**DATA FOR REVIEW:**

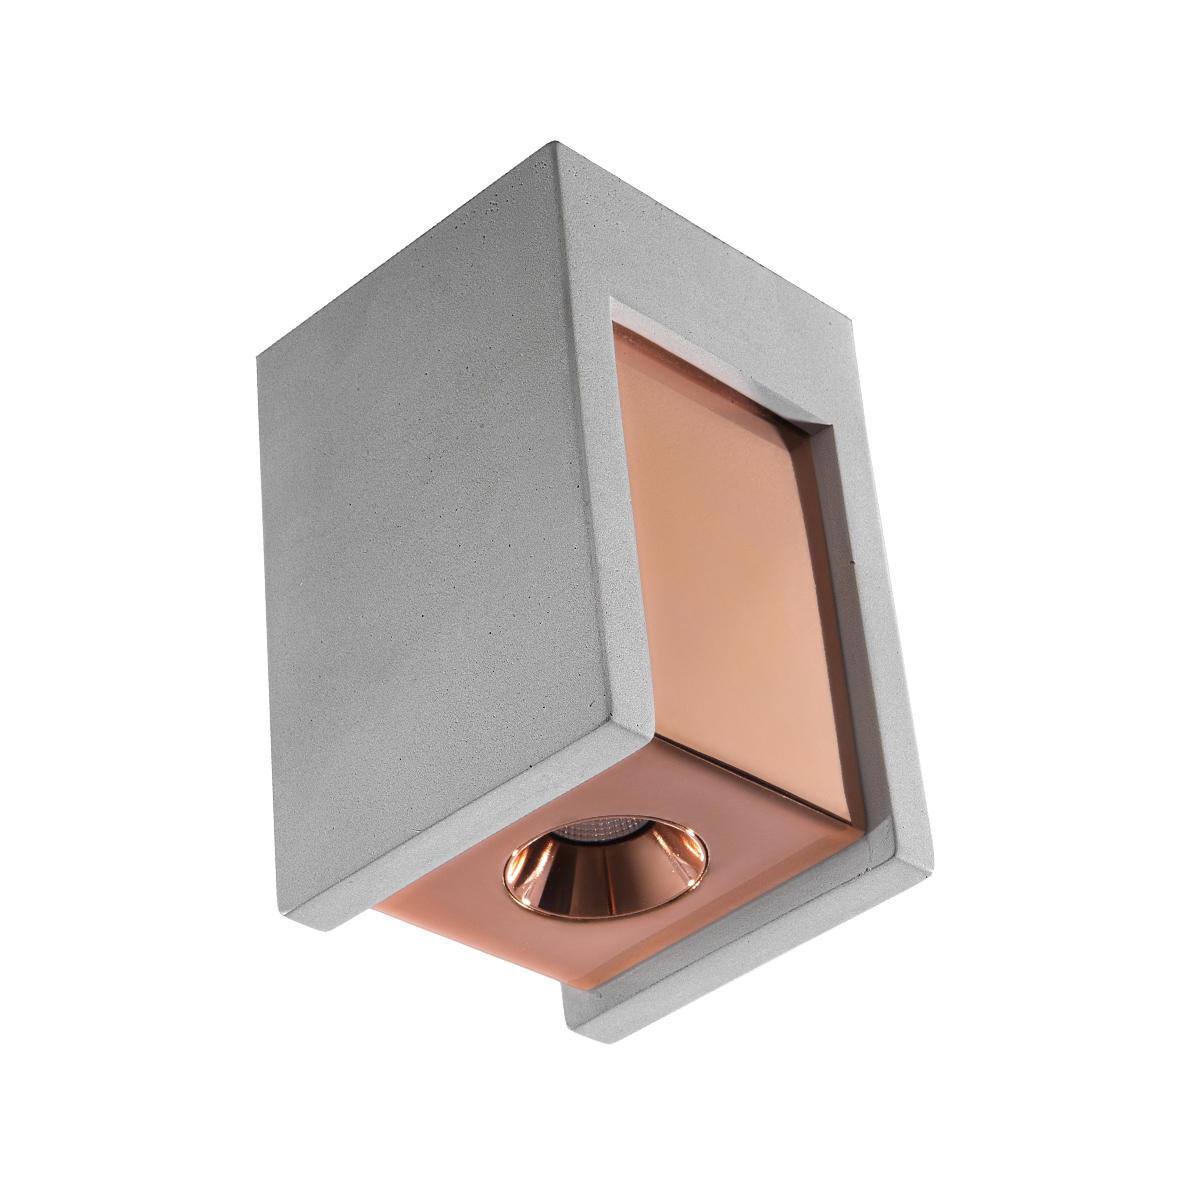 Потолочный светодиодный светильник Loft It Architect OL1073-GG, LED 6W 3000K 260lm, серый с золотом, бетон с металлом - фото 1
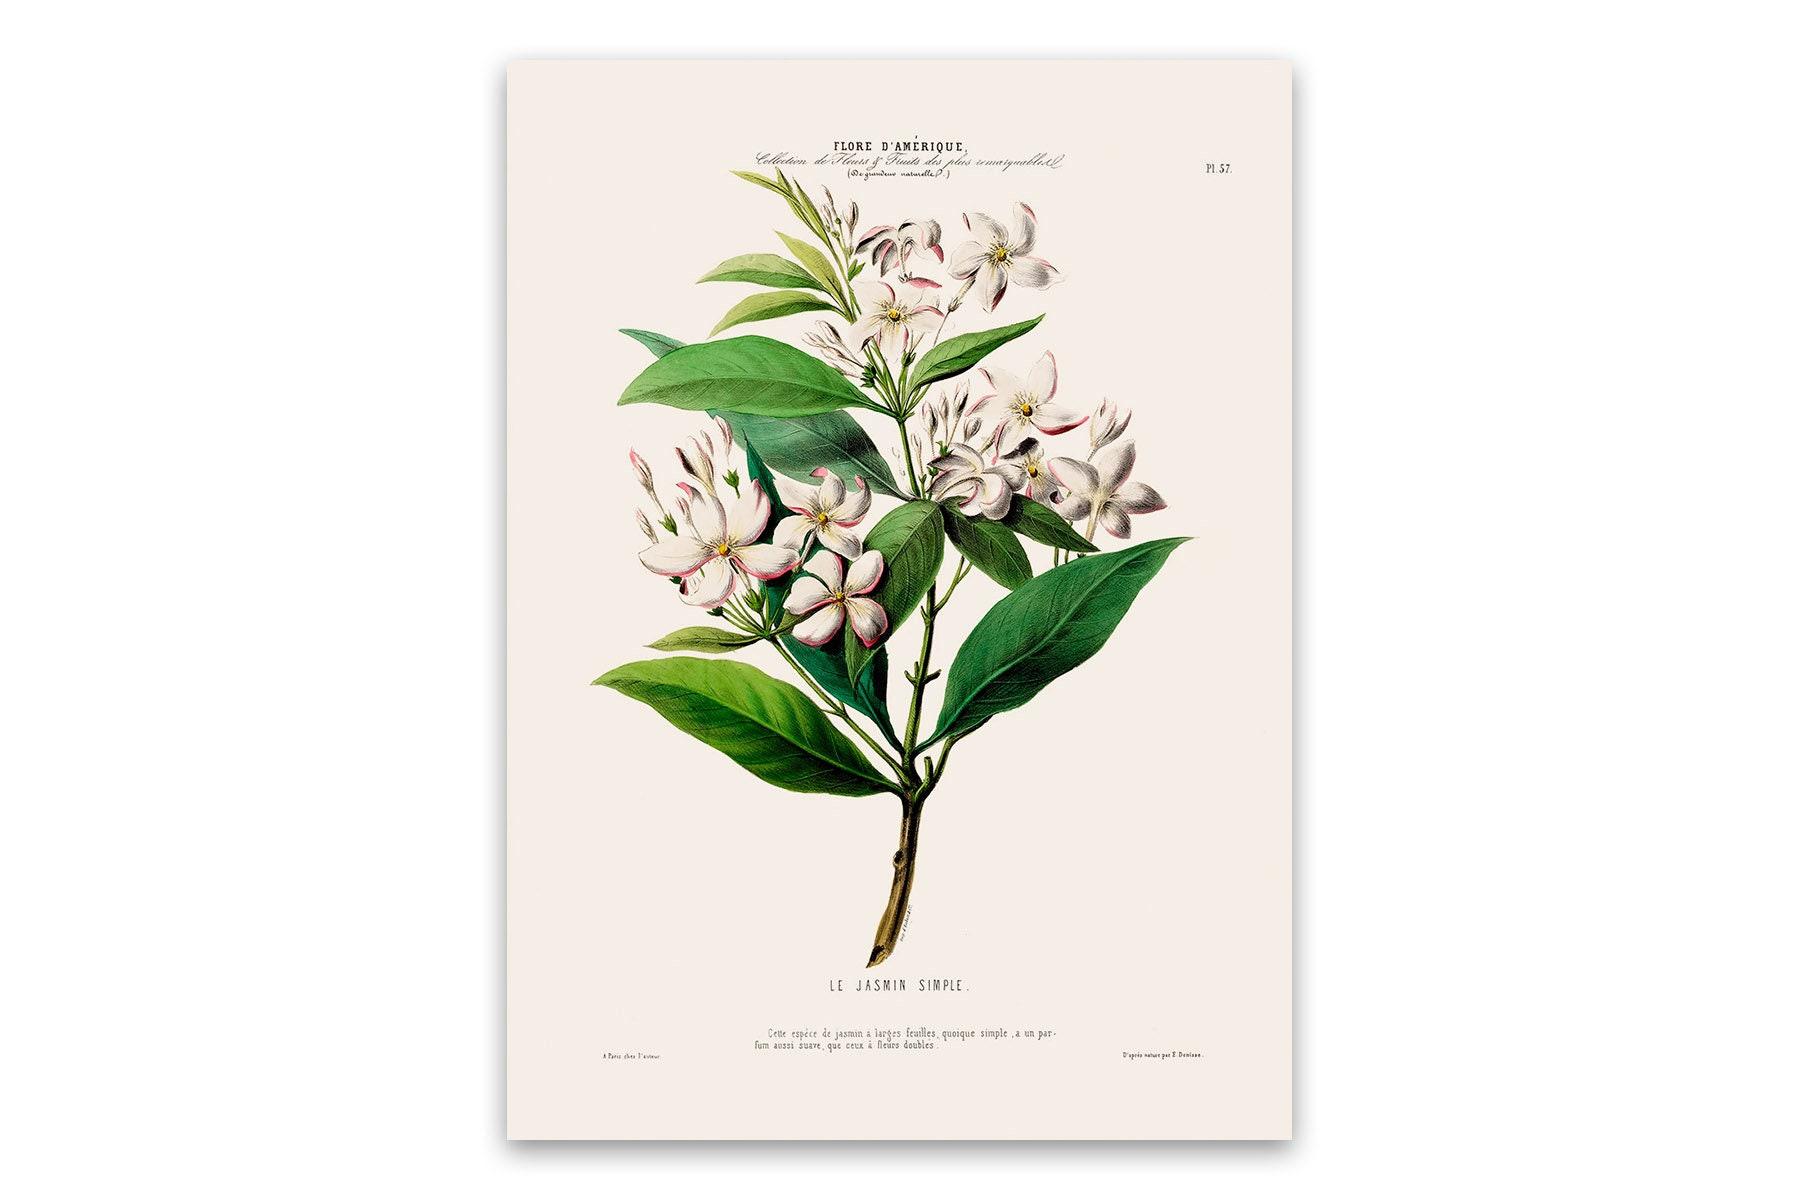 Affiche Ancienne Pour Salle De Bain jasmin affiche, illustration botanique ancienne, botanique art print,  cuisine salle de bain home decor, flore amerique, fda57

* * *

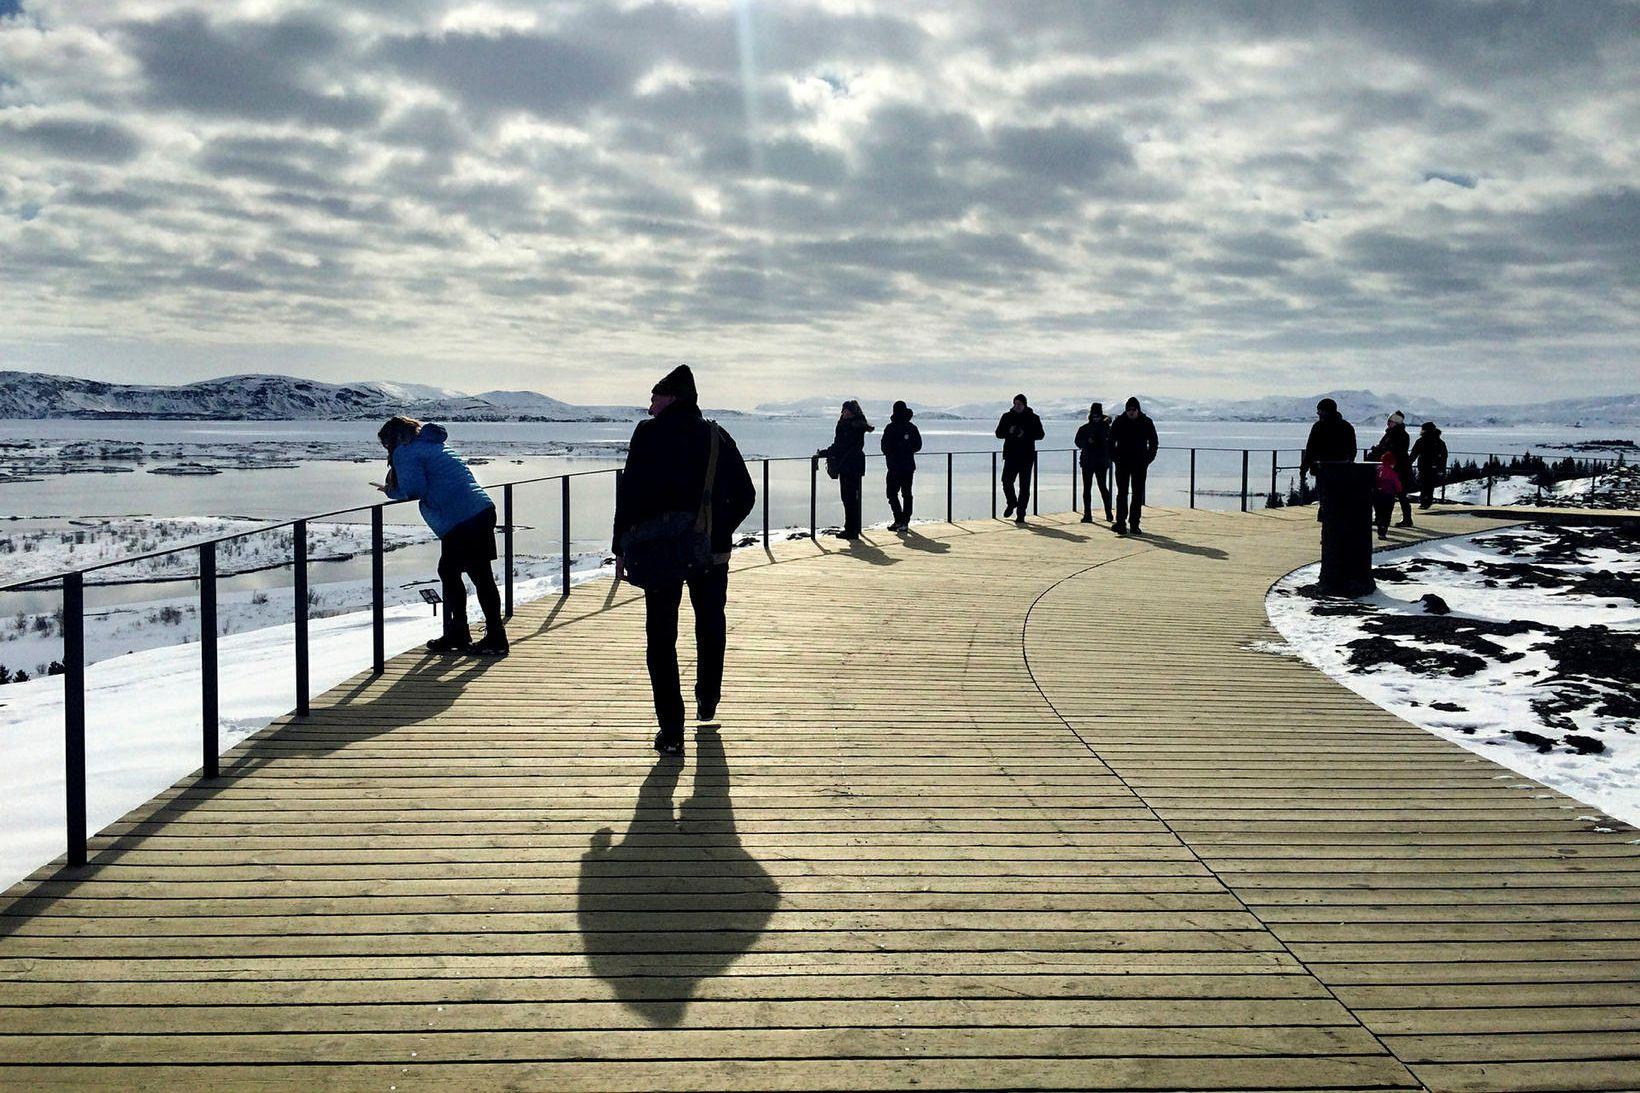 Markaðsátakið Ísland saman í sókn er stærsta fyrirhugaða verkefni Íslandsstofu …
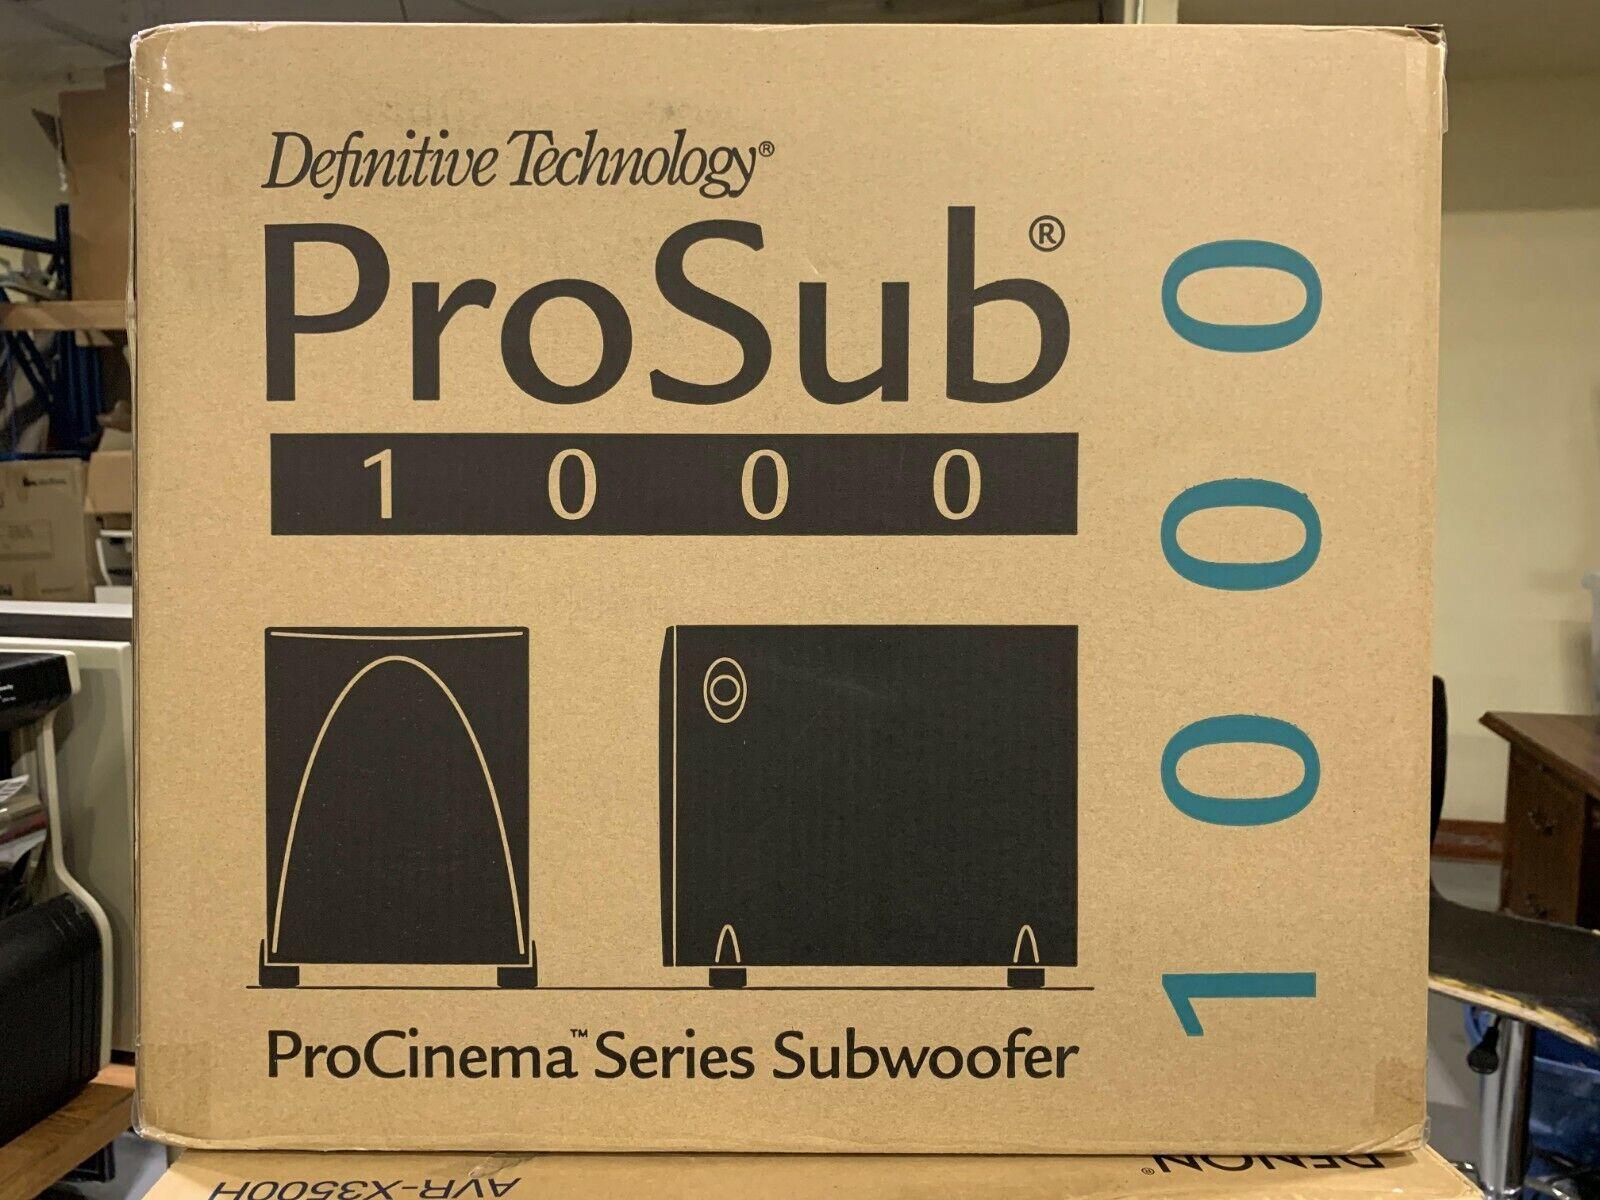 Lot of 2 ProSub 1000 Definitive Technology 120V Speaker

**YOUR GOAL:**
Using the records above, print exactly the run of lines that starts with the line with "Markaðsátakið Ísland saman" and goes on through the line with "Lot of 2 ProSub", pictures excluded.

**RESPONSE TO THIS TASK:**
 Markaðsátakið Ísland saman í sókn er stærsta fyrirhugaða verkefni Íslandsstofu …
 Lot of 2 ProSub 1000 Definitive Technology 120V Speaker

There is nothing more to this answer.